Oregon
Rule Rule 111-080-0070
Exempt Hospitals


(1)

As specified in ORS 243.879 (Reimbursement methodology for payment to hospitals), these payment limits do not apply to reimbursements paid by a carrier or third-party administrator to:
(a) Type A or type B hospitals (defined in ORS 442.470 (Definitions for ORS 442.470 to 442.507));
(b) Rural critical access hospitals (defined in ORS 315.613 (Credit available to persons providing rural medical care and affiliated with certain rural hospitals)); or
(c) Hospitals that are located in a county with a population of less than 70,000 on August 15, 2017, classified as a sole community hospital by the Centers for Medicare and Medicaid Services, and have Medicare payments composing at least 40 percent of the hospital’s total annual patient revenue.
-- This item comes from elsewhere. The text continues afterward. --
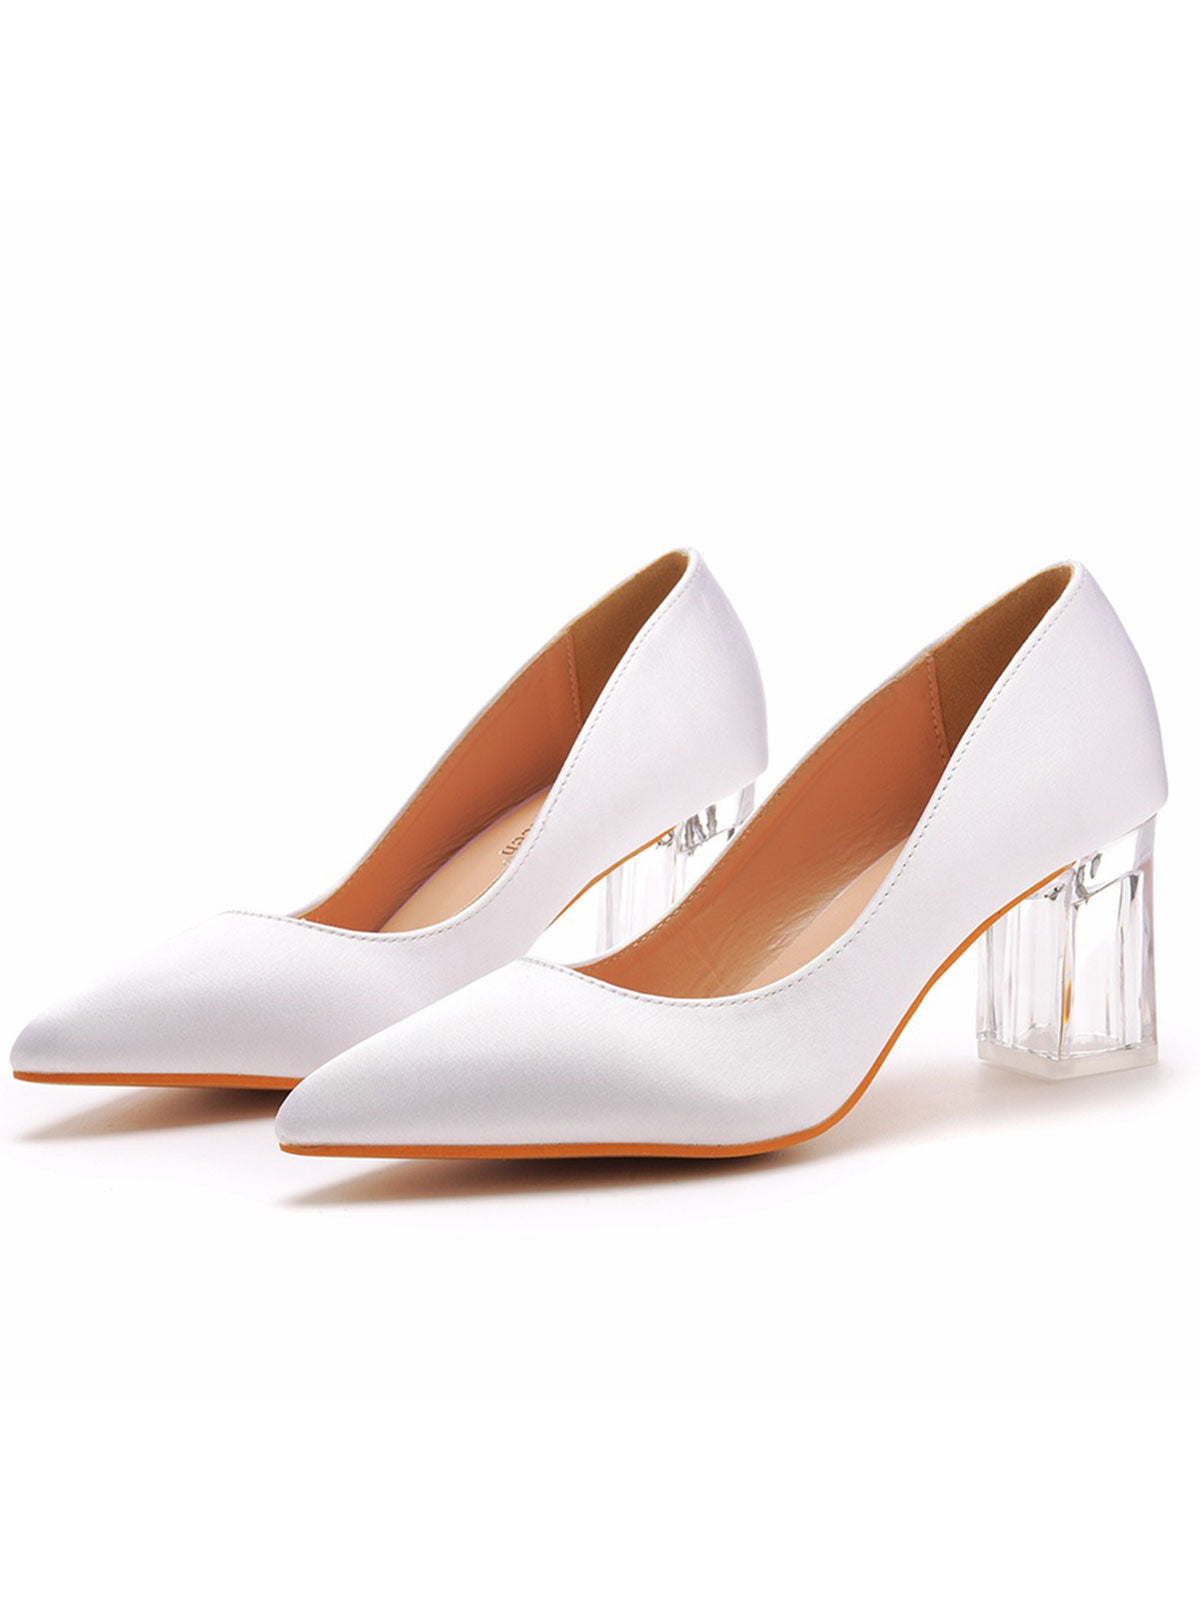 Simple White Pointed Toe Transparent Block Heels

(2)(a) Total annual patient revenue for a hospital will be calculated using the Allowed Amount for all inpatient and outpatient claim records in the state’s All Payer All Claims (APAC) database for that hospital in a calendar year, and
(b) Total Medicare payments to a hospital will be calculated using the Allowed Amount for all inpatient and outpatient claim records paid by Medicare in the APAC for that hospital in a calendar year.
(3) OEBB will annually review this calculation under section (2) of this rule using the most recent available twelve months of data in APAC.